Suppose $n$ is a nonnegative integer and $G$ is the symmetric group on the set $\{ 1,2,3, \dots, n+1 \}$. Then, $G$ is isomorphic to a Coxeter group with $n$ generators $s_i, 1 \le i \le n$, where $m_{i(i+1)} = 3$ and $m_{ij} = 2$ for $i$ and $j$ differing by more than one.

In other words:

$G \cong \langle s_i \mid s_i^2 = 1, (s_is_{i+1})^3 = 1, (s_is_j)^2 = 1 \ \forall \ |i - j| > 1 \rangle$.

The isomorphism identifies $s_i$ with the transposition $(i,i+1)$.

## Facts used

1. Transpositions of adjacent elements generate the symmetric group on a finite set

## Proof

### The Coxeter group described admits a surjective homomorphism to the symmetric group

Consider a map:

$\langle s_i \mid s_i^2 = 1, (s_is_{i+1})^3 = 1, (s_is_j)^2 = 1 \ \forall \ |i - j| > 1 \rangle \to G$

given by:

$s_i \mapsto (i,i+1)$.

To check that the map is well-defined, we need to check that all the Coxeter relations are satisfied by the images of the $s_i$. This is direct: the square of any transposition is the identity element, the product of two adjacent transpositions has order three, and the product of two disjoint transpositions has order two.

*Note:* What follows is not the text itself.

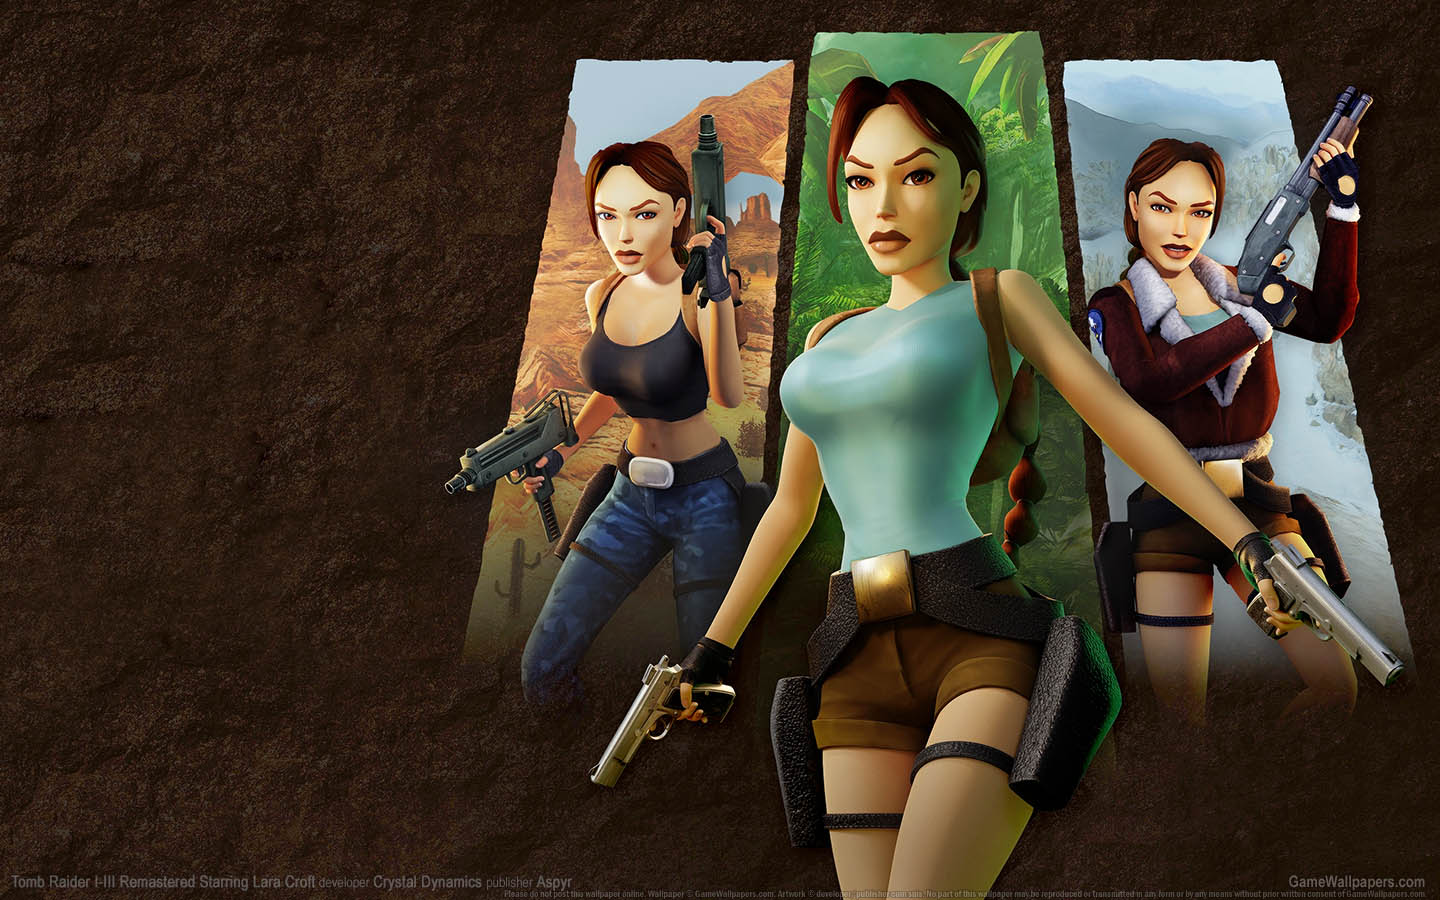 Tomb Raider I-III Remastered Starring Lara Croft wallpaper 01 1440x900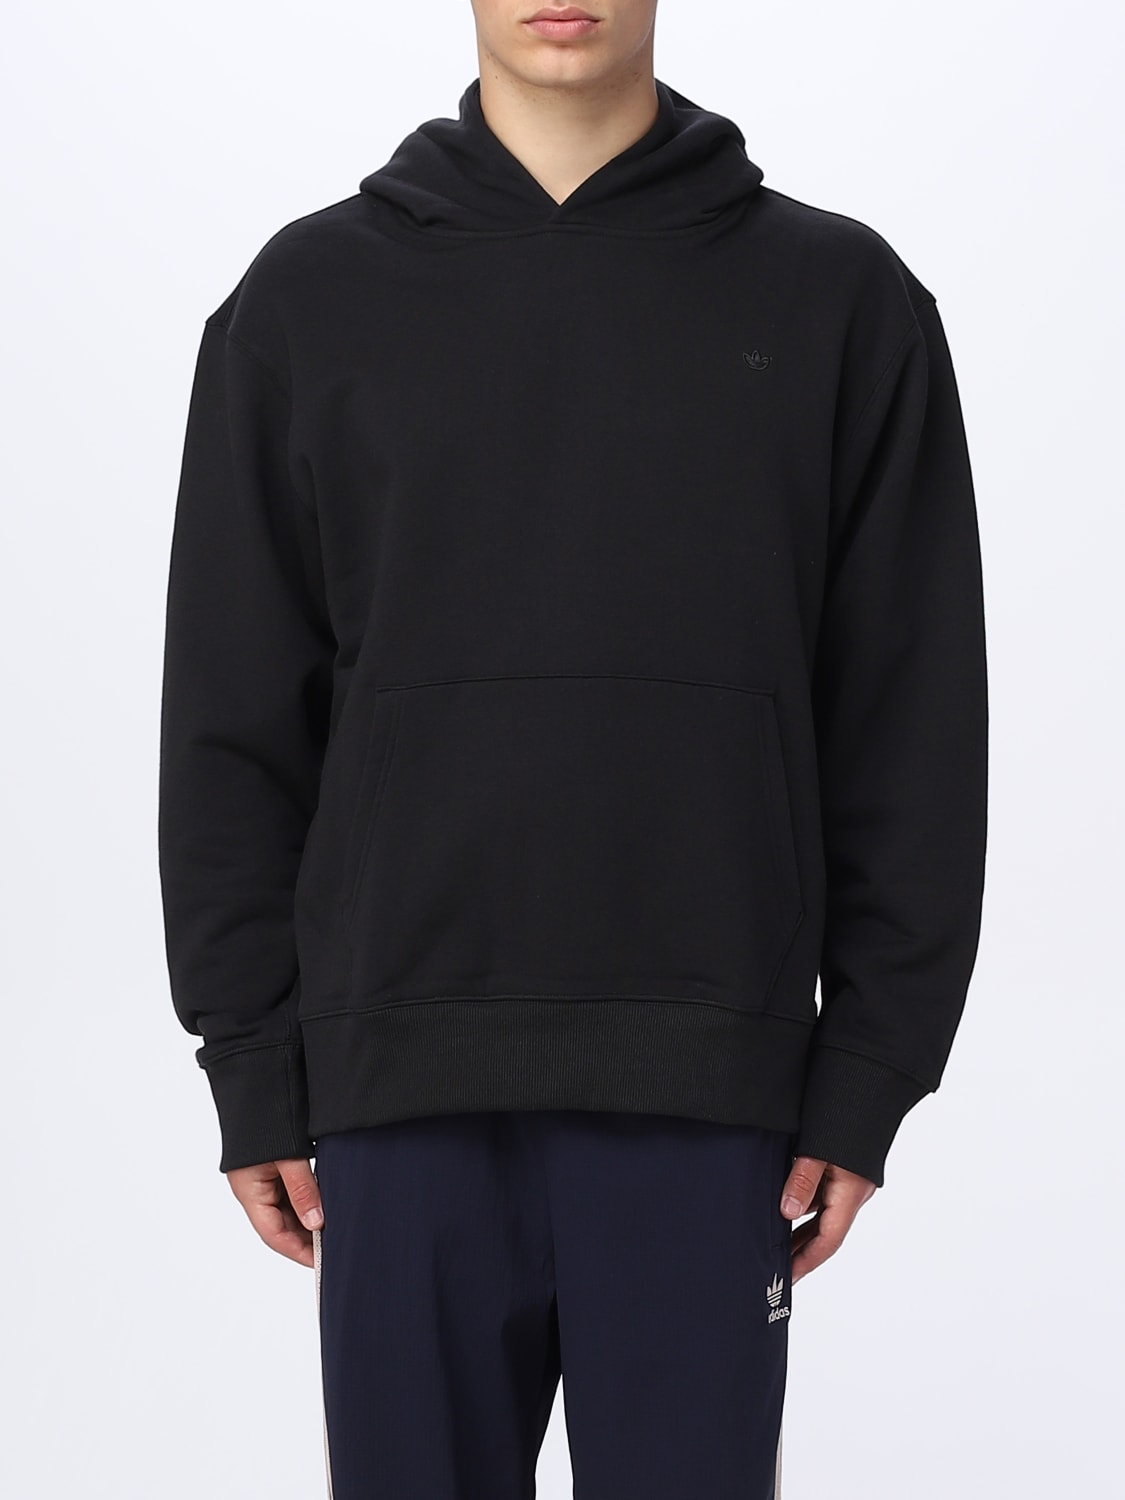 | at HK2937 Originals ORIGINALS: cotton Black in ADIDAS sweatshirt - Adidas sweatshirt online

Next, the map is surjective because by fact (1), elements of the form $(i, i+1)$ generate $G$.

### The size of the Coxeter group is at most $(n+1)!$

Let $C_n$ be the Coxeter group for $n$ letters.

First observe that the subgroup $H$ of $C_n$ generated by $s_1,s_2, \dots, s_{n-1}$ satisfies all the relations for the Coxeter group for $n-1$ generators, hence is a homomorphic image of $C_{n-1}$. Hence, by induction, $|H| \le |C_{n-1}| \le n!$.

We now show that $H$ has at most $n+1$ left cosets in $C_n$. In fact, we can show that the every left coset of $H$ in $C_n$ has a representative among these:

$s_1s_2 \dots s_n, s_2 \dots s_n, s_3 \dots s_n, \dots s_{n-1}s_n, s_n$.

Thus, $[C_n:H] \le n + 1$. Using Lagrange's theorem, we get $|C_n| = |H|[C_n:H] \le (n+1)n! = (n+1)!$.